Nueve meses después de que el criminal de guerra nazi Adolf Eichmann muriera al final de una soga en Israel, apareció en The New Yorker un polémico pero reflexivo comentario sobre su juicio. La reacción del público sorprendió a su autora, la famosa teórica política y superviviente del Holocausto, Hannah Arendt (1906-1975). Era febrero de 1963.
La valoración que Arendt hizo de Eichmann como testigo presencial “terrible y aterradoramente normal” tomó al mundo por sorpresa. Su frase, “la banalidad del mal”, entró en el léxico de las ciencias sociales, probablemente para siempre. Se dio por sentado que Eichmann, a pesar de su comportamiento suave y avuncular, debía ser un monstruo de proporciones épicas para desempeñar un papel tan importante en uno de los mayores crímenes del siglo XX.
“Sólo cumplía órdenes”, afirmaba con la frialdad de un típico burócrata. El mundo pensó que su actuación era un espectáculo diabólicamente engañoso, pero Hannah Arendt llegó a la conclusión de que Eichmann era en realidad un funcionario más bien “ordinario” e “irreflexivo”.

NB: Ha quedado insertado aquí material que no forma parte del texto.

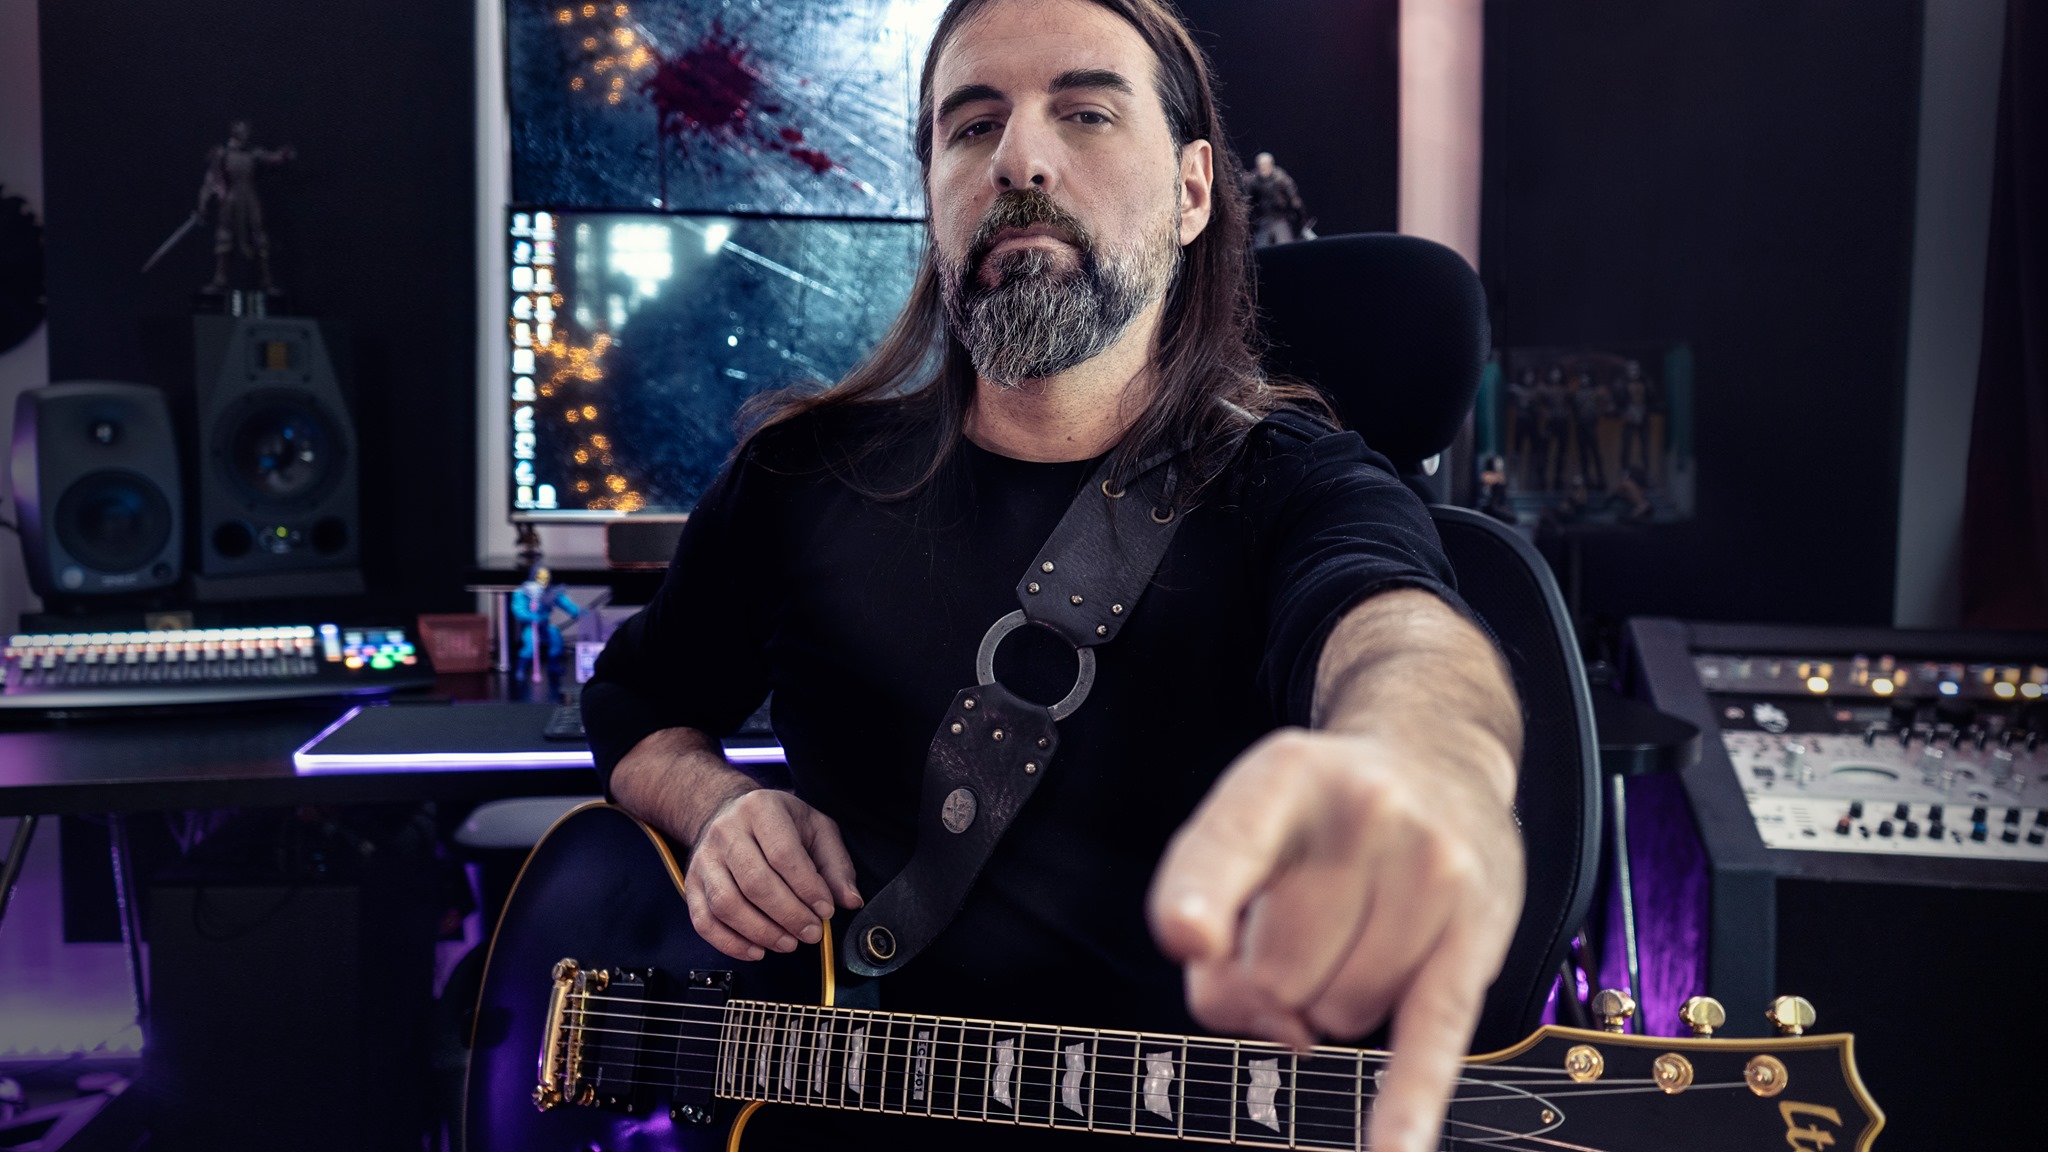 You are currently viewing Sakis Tolis (ROTTING CHRIST): Recording Guitars For His One Man Band Solo Project.

¡Qué insensible! ¡Una traición a su propio pueblo judío! ¿Cómo puede una persona reflexiva desechar a Eichmann con tanta displicencia? Los críticos de Arendt la criticaron sin piedad con tales acusaciones, pero no habían entendido nada. Ella no condonó ni excusó la complicidad de Eichmann en el Holocausto. Ella misma fue testigo de primera mano de los horrores del nacionalsocialismo, ya que escapó de Alemania en 1933 tras una breve estancia en una cárcel de la Gestapo por “propaganda anti-estatal”. No afirmó que Eichmann fuese inocente, sólo que los crímenes de los que era culpable no requerían de un “monstruo” para cometerlos.
¿Cuántas veces ha observado que la gente se comporta de forma antisocial por la esperanza de mezclarse, por el deseo de evitar el aislamiento como individuo recalcitrante e inconformista? ¿Ha visto alguna vez a alguien haciendo daño porque “todos los demás lo hacían”? El hecho de que todos hayamos observado esas cosas, y que cualquiera de los culpables podría fácilmente, en las circunstancias adecuadas, haberse convertido en un Adolf Eichmann, es una constatación escalofriante.
Como explicaba Arendt, “Seguir la corriente del resto y querer decir ‘nosotros’ fue suficiente para hacer posible el mayor de todos los crímenes”.
Eichmann era un “superficial” y “despistado”, alguien cuyos pensamientos nunca se aventuraron más allá de cómo convertirse en una pieza de la gran e histórica maquinaria nazi. En cierto sentido, fue una herramienta del Mal más que el propio Mal.
Comentando la tesis de la “banalidad del mal” de Arendt, el filósofo Thomas White escribe: Eichmann nos recuerda al protagonista de la novela de Albert Camus El extranjero (1942), que mata a un hombre al azar y casualmente, pero que después no siente ningún remordimiento. No había una intención particular ni un motivo maligno evidente: el acto simplemente “ocurrió”.
Quizá Hannah Arendt subestimó a Eichmann. Después de todo, intentó ocultar pruebas y cubrir su rastro mucho antes de que los israelíes lo atraparan en Argentina en 1960, hechos que sugieren que sí comprendía la gravedad de sus delitos. Sin embargo, es innegable que la gente “corriente” es capaz de cometer crímenes horribles cuando está poseída por el poder o por el deseo de obtenerlo, especialmente si les ayuda a “encajar” dentro de la pandilla que ya ostenta el poder.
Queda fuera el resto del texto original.